The Extra: A Rita Farmer Mystery
Elizabeth Sims
Minotaur Books
$25.95
Sims’s second Rita Farmer mystery finds the character garbed as a cop on the set of a third-rate mystery film, The Canary Syndrome. Finding a live roach in her box lunch, she roams off-set for sustenance, only to save a young man from a fatal beating. The plot thickens incrementally as Sims deftly weaves together all the threads: Rita; her mooching sister, Gina; her wannabe boyfriend-cum detective, George; her alarmingly precocious 5-year-old son, Petey; and Amaryllis B. Cubitt, sainted philanthropist with a secret past, whose grandson was attacked in the opening pages. Looming over them all is Dale the Whale, drug lord with a self-help plan to service tout LA. George and Rita double as skag addicts pursuing undercover work. Let’s not forget Ernest, the missing champion stud Beagle, and the roaming pack of feral LA dogs that nearly devour George. Take this not as a “review,” but rather ingredients for a Julia Child-like mystery bouillabaisse recipe for murder. It works.
Qualities of Light
Mary Carroll Moore
Spinster’s Ink
$14.95
Acceding to his birthday request for a clandestine boat ride, 15-year-old Molly Fisher takes her little brother out for a spin, when he falls overboard, and nearly drowns—lying comatose in a nearby hospital as the novel opens.

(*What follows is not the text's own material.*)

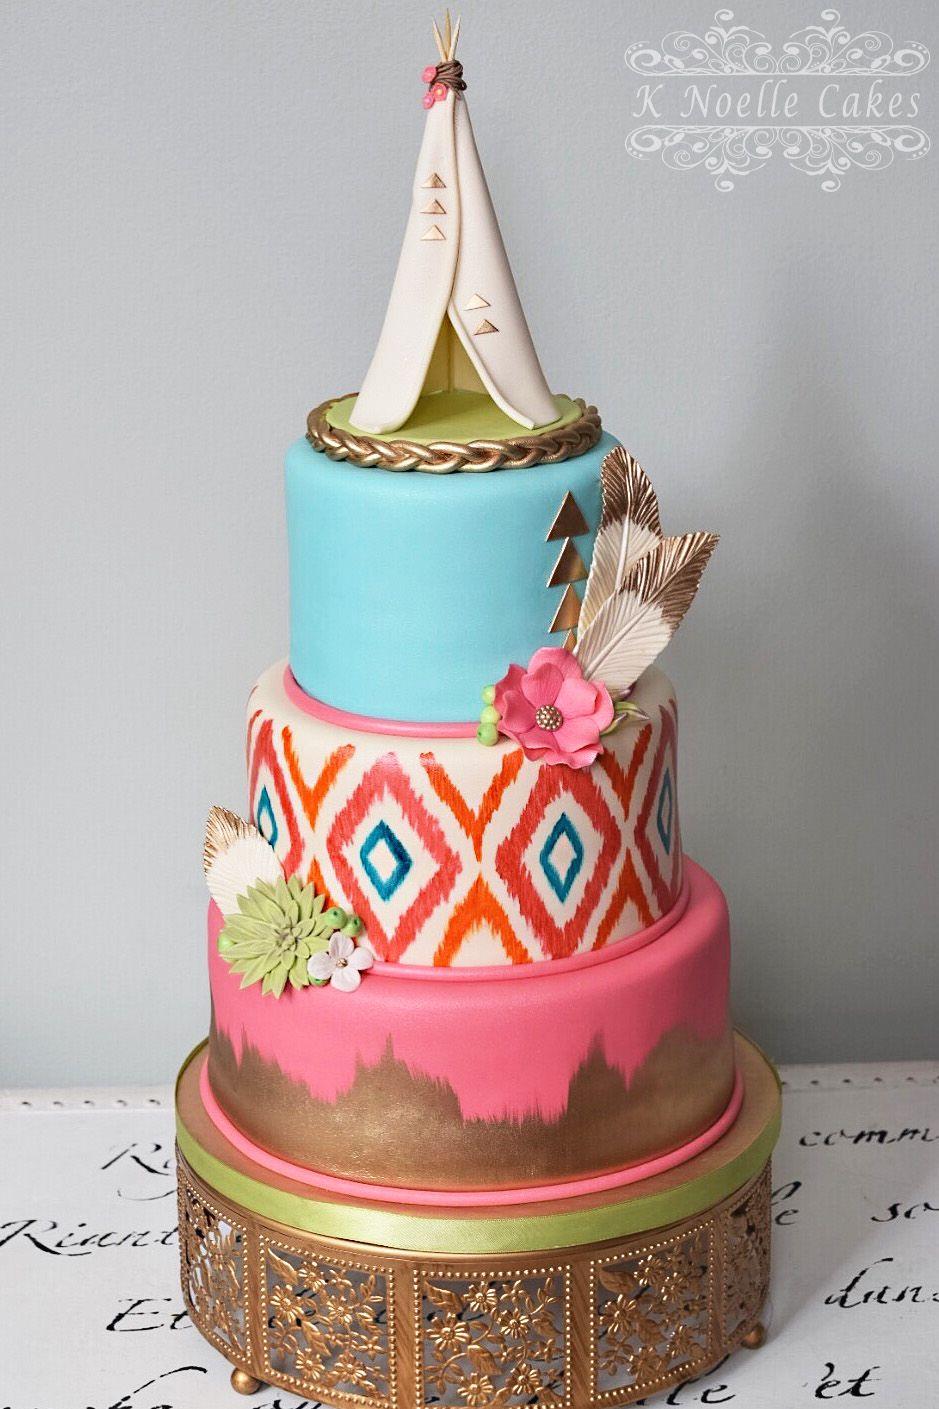 Boho chic birthday cake by k noelle cakes fun hippie party ideas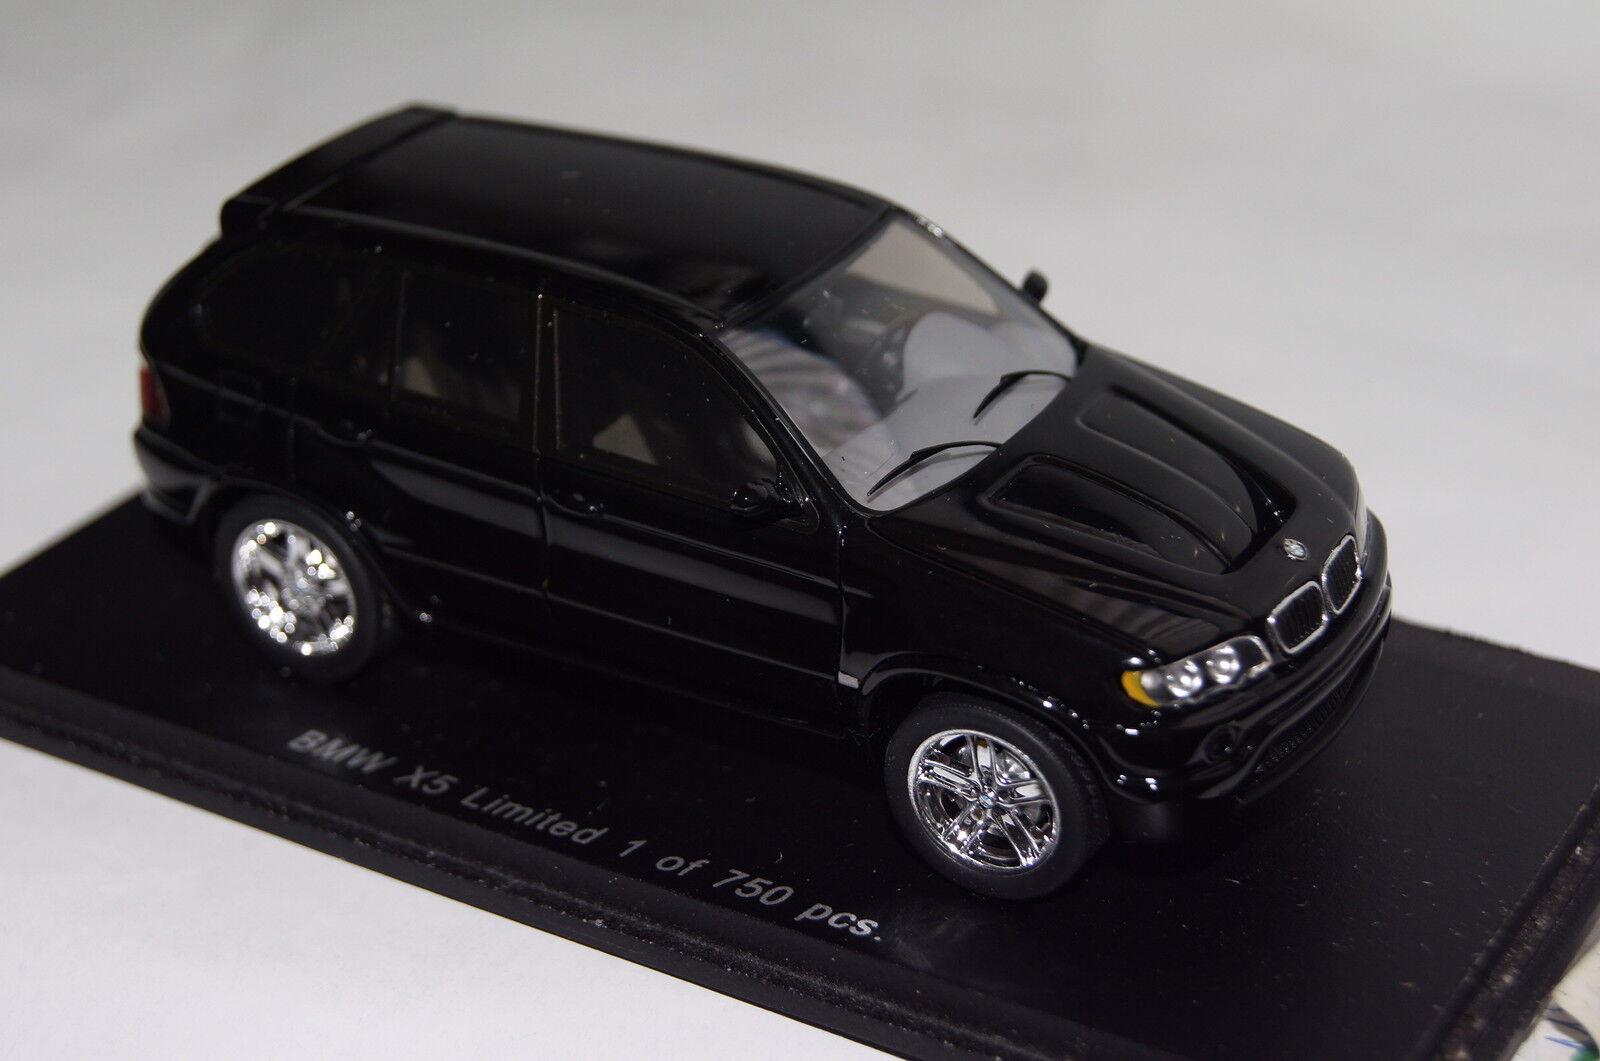 BMW X5 schwarz 1 43 Spark neu & OVP  | Viele Stile

While the Fisher family’s summer vacation draws to an agonizing close, Molly, on the cusp of young womanhood, struggles with a number of aspects of light and darkness: her forbidden love for an older girl; her parents’ affections; her own artistic gifts overshadowed by the brilliance of her father’s genius; and her changing relationship with her now-damaged sibling. In Moore’s gifted hands, Molly is a highly nuanced yet highly believable character—now wise beyond her years, she’s dreading the loss of not only childhood, but also her beloved brother. Moore’s deft characterization of Molly was drawn in part from her own painting background. It has garnered a nomination for this year’s PEN/Faulkner Award. Moore teaches at Minneapolis’s Loft Literary Center.